Rosenberg writes about individuals giving up information as part of a mutually beneficial ecommerce transaction. But Google takes much more information through its search bots. Information is currency to Google. The more information that Google catalogs, the more money it can make from search keywords and advertising.
This so-called open approach fundamentally opposes longstanding principles of intellectual property ownership. Copyrights are a barrier to Google gaining information that it can monetize. Google takes what it gets for free -- but which someone else may have paid to produce -- gives it away for free but with eventual profit motive.

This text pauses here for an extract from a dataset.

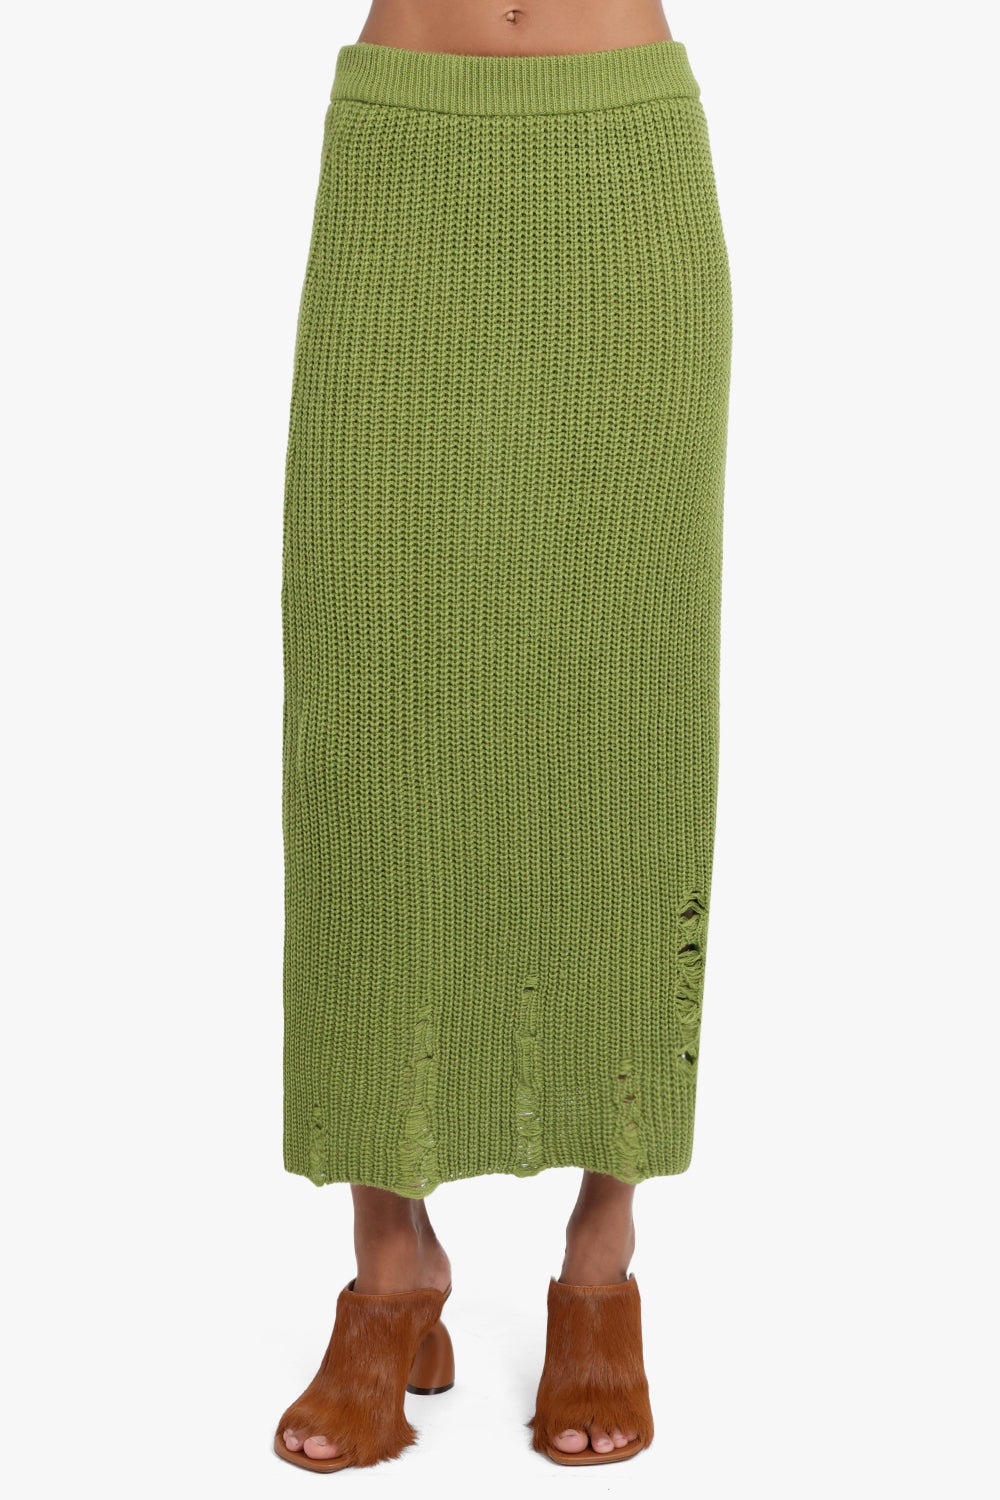 DISTRESSED SKIRT IN CHAIN MAIL | GREEN - 3

My decade 2010 prediction: Unchecked, Google's open approach and free business model will eventually disrupt most businesses that produce information. The news business is being disrupted now. Google will disrupt software products or Internet services, too. The RIAA, Hollywood studios and stock image companies should watch their backs for a Google knife. Google's power isn't so much the open philosophy as the free business model it empowers. Bill Gates asked the right question 33 years ago: "Who can afford to do professional work for nothing?" It's the question everyone should ask as Google's free business model expands.
Is this evil? If your worldview is in line with Gates' -- that he or she who creates something should own it and profit from it -- the answer is likely "Yes." Perhaps it is not, if your worldview is that all things -- all information -- belong to everyone.
I encourage anyone trying to really understand Google to read Rosenberg's post, but to think of the content as presentation of a business worldview rather than definition of open. Google knows its business model is disruptive. Dare I use "anarchy" to describe its goals. Rosenberg writes: "We are technology optimists who trust that the chaos of open benefits everyone. We will fight to promote it every chance we get."